═══ Source data ═══

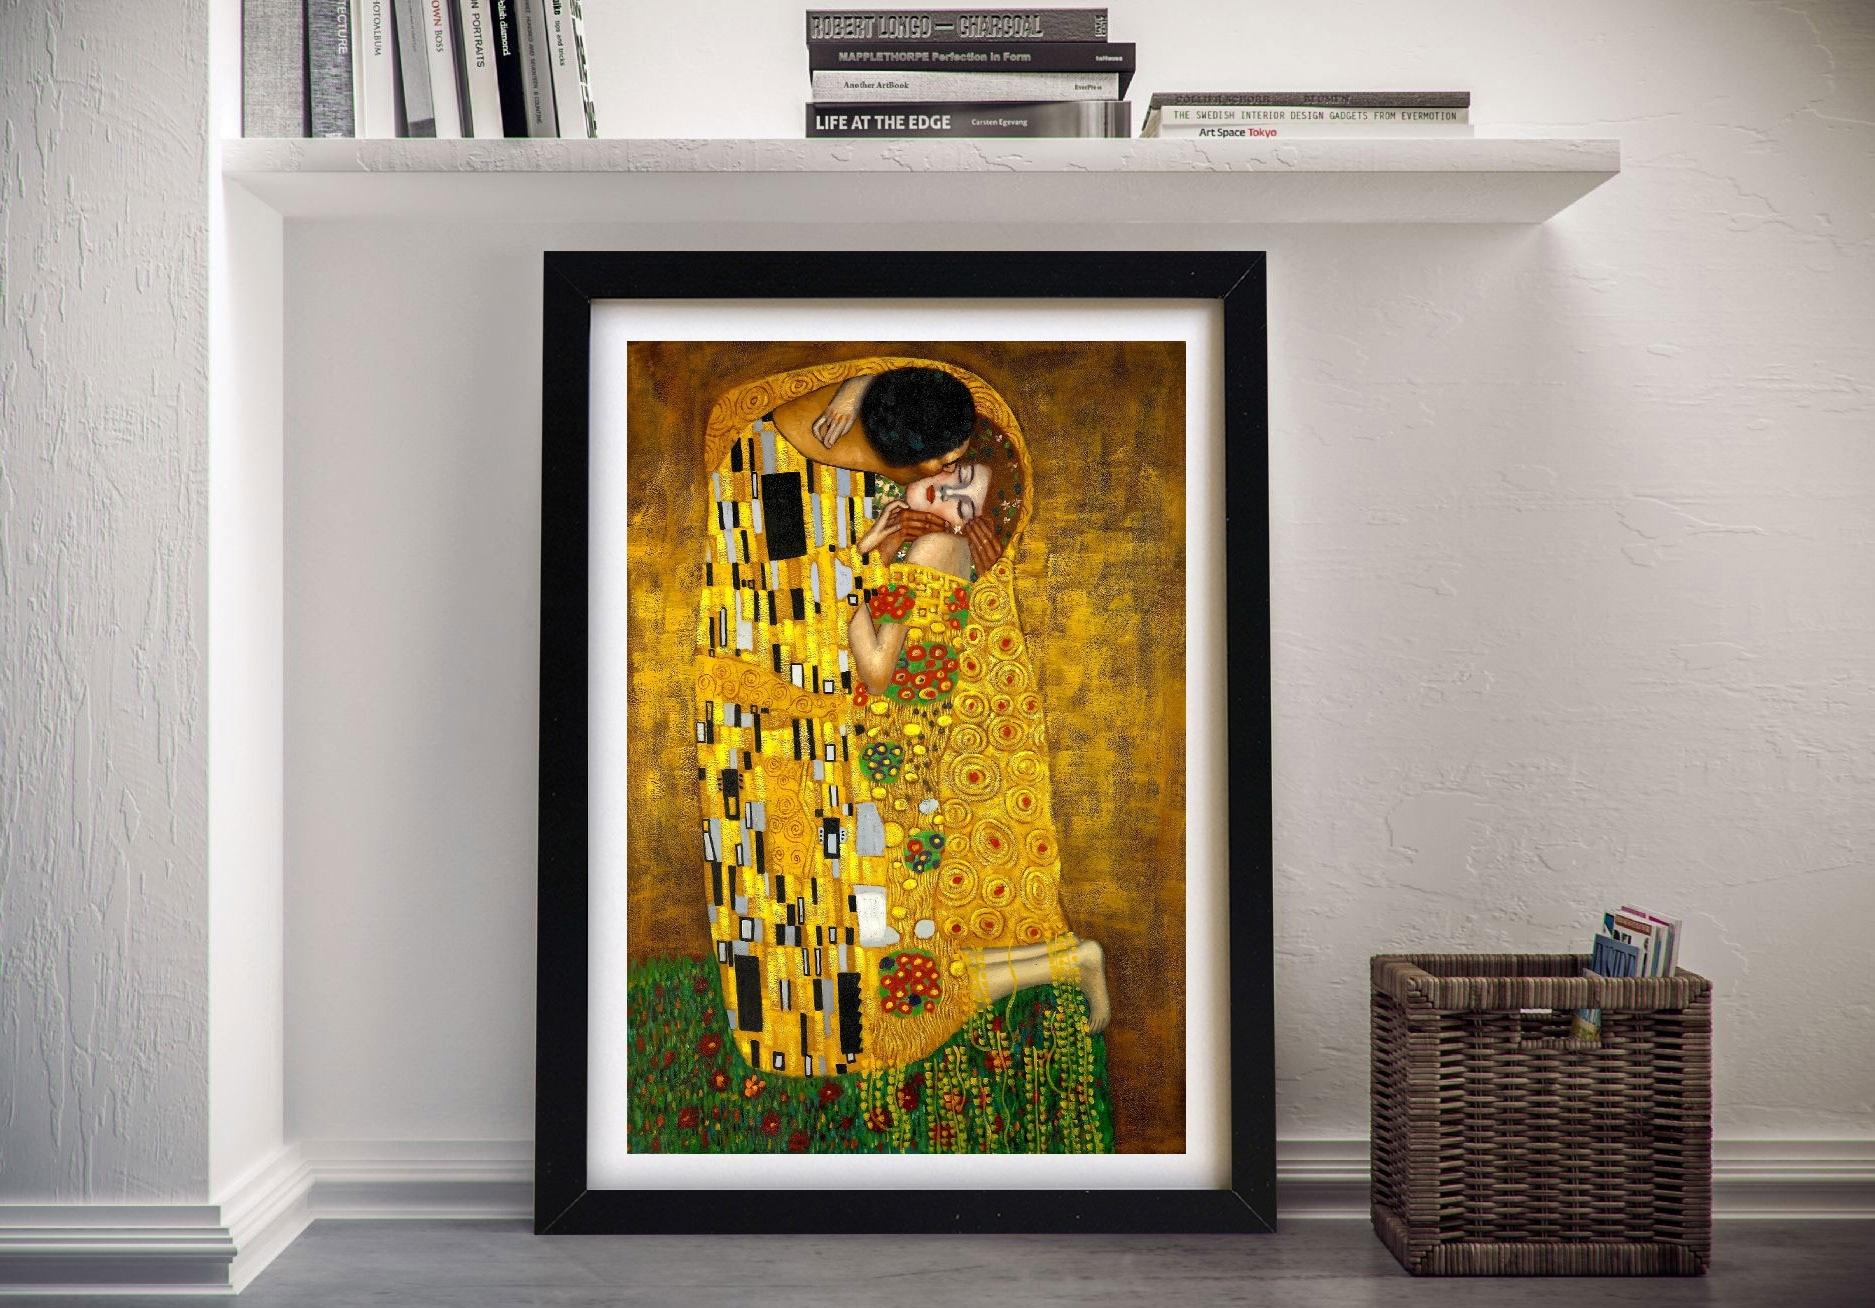 Classical Art Prints | Van Gogh, Monet, Renoir, Klimt Canvas Wall With Most Popular Port Elizabeth Canvas Wall Art (View 9 of 15)
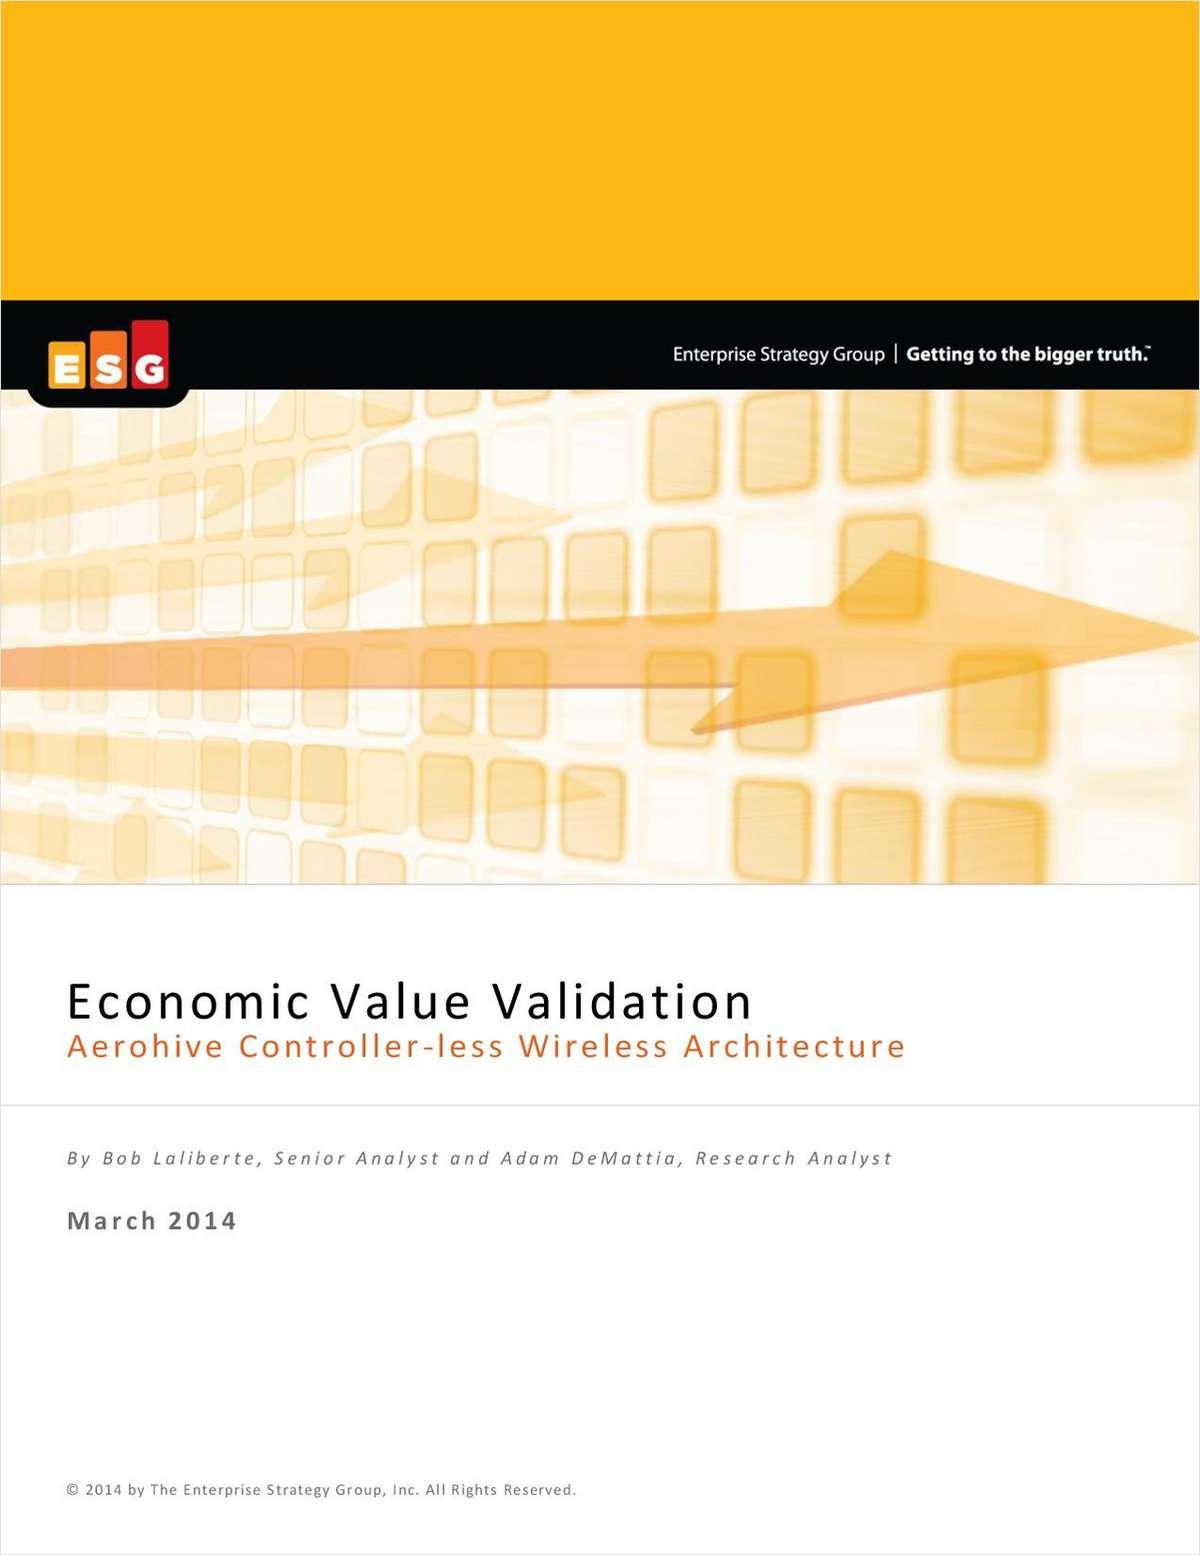 Economic Value Validation; Aerohive Controller-less Wireless Architecture
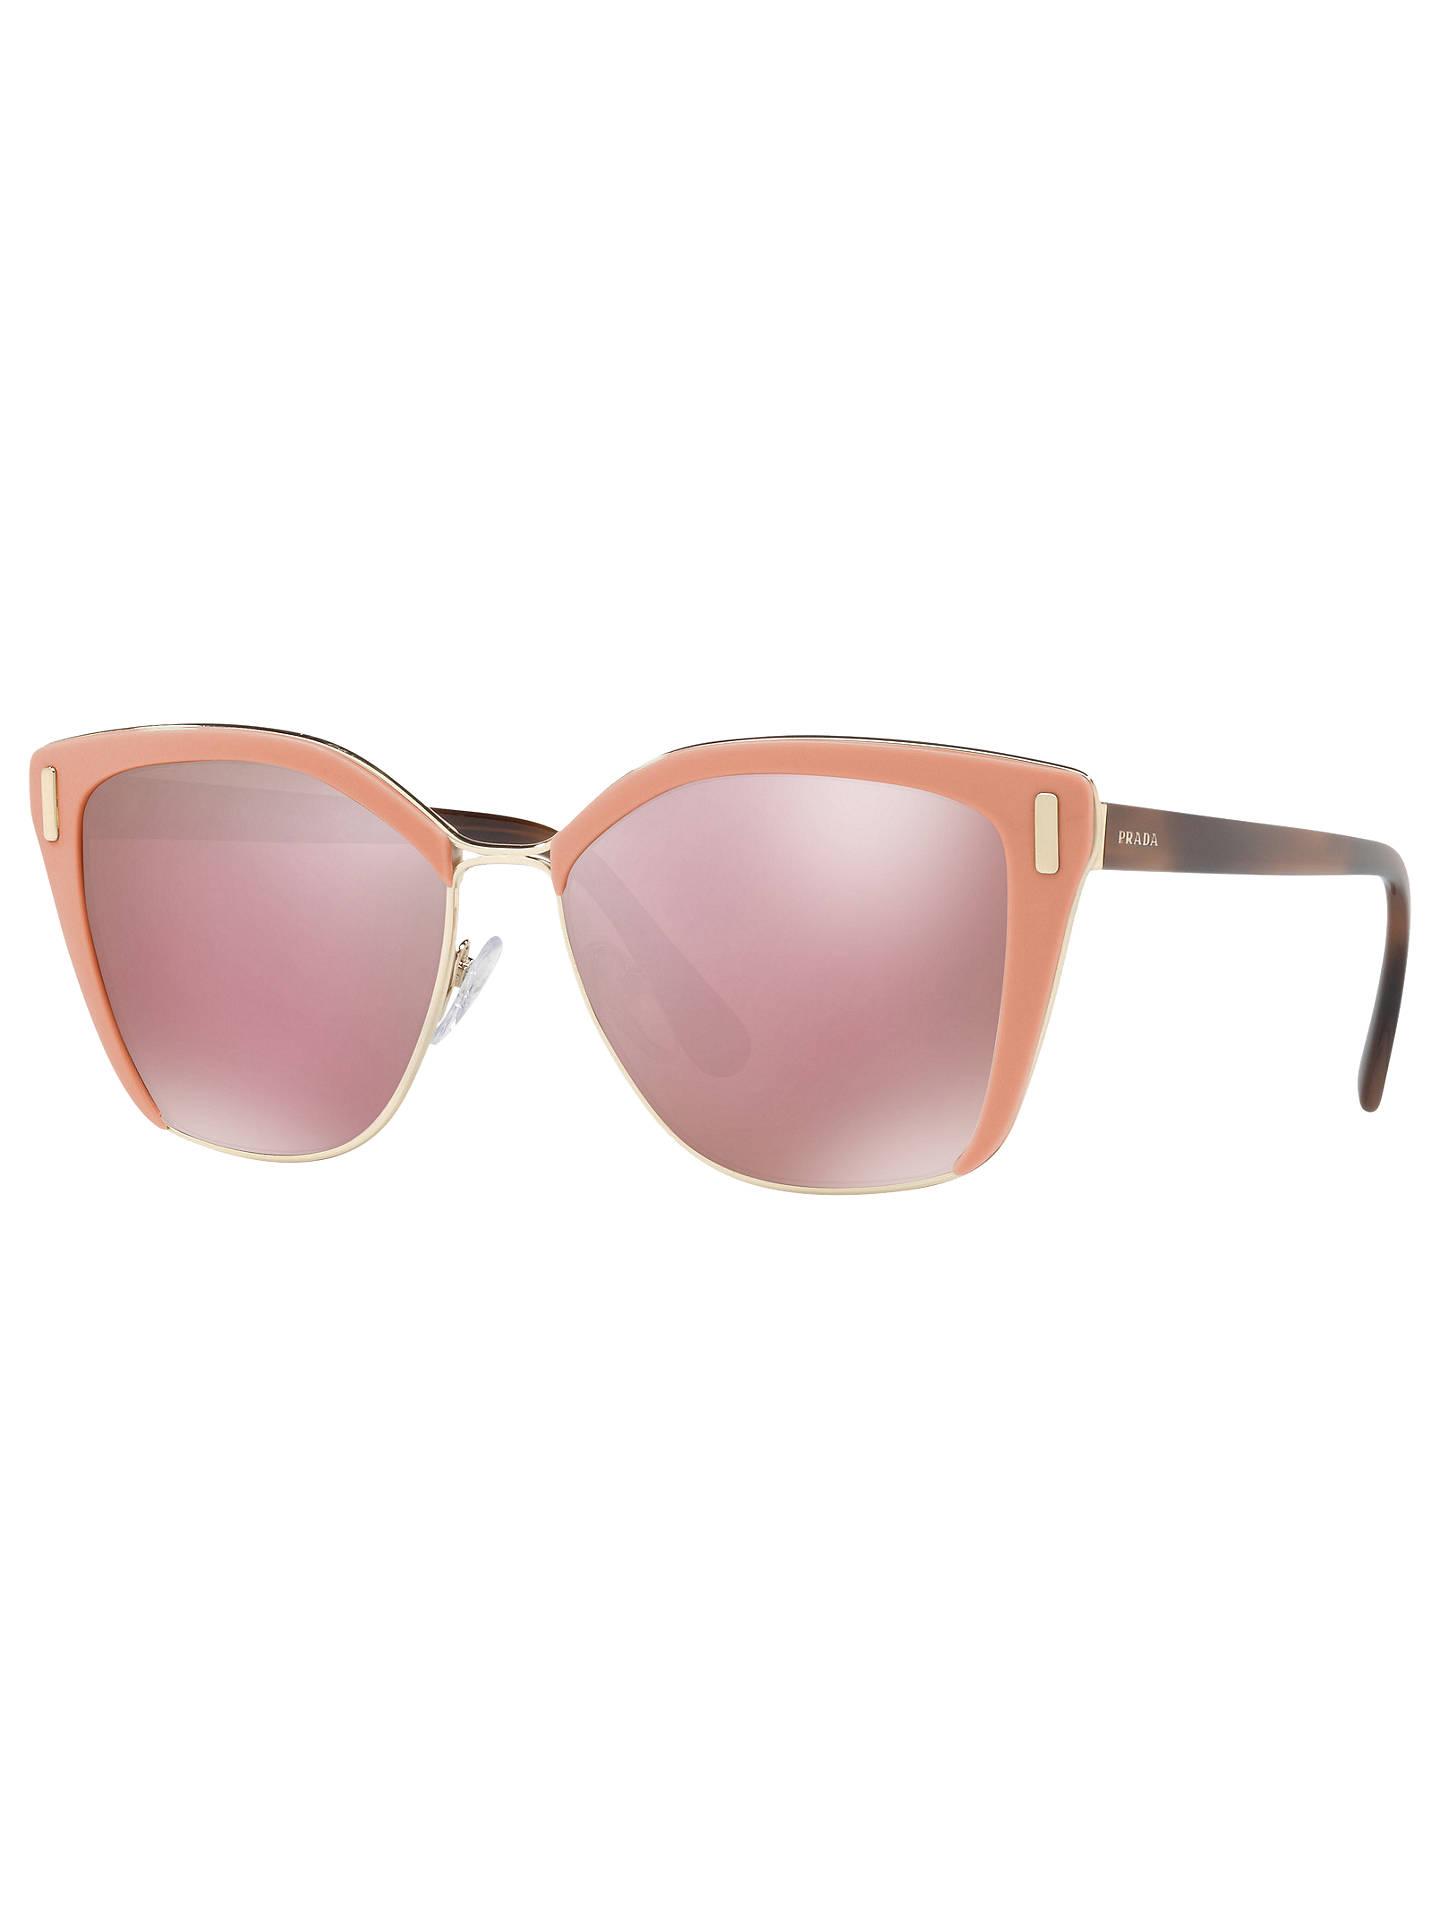 2a1eae1bdae0 Buy Prada PR 56TS Square Sunglasses, Pink/Mirror Rose Online at  johnlewis.com ...

═══

• Work to complete: Leave the pictures out, and print every line of the listing exactly as written.

• Reply to the task:
 Classical Art Prints | Van Gogh, Monet, Renoir, Klimt Canvas Wall With Most Popular Port Elizabeth Canvas Wall Art (View 9 of 15)
 Economic Value Validation; Aerohive Controller-less Wireless Architecture
 2a1eae1bdae0 Buy Prada PR 56TS Square Sunglasses, Pink/Mirror Rose Online at  johnlewis.com ...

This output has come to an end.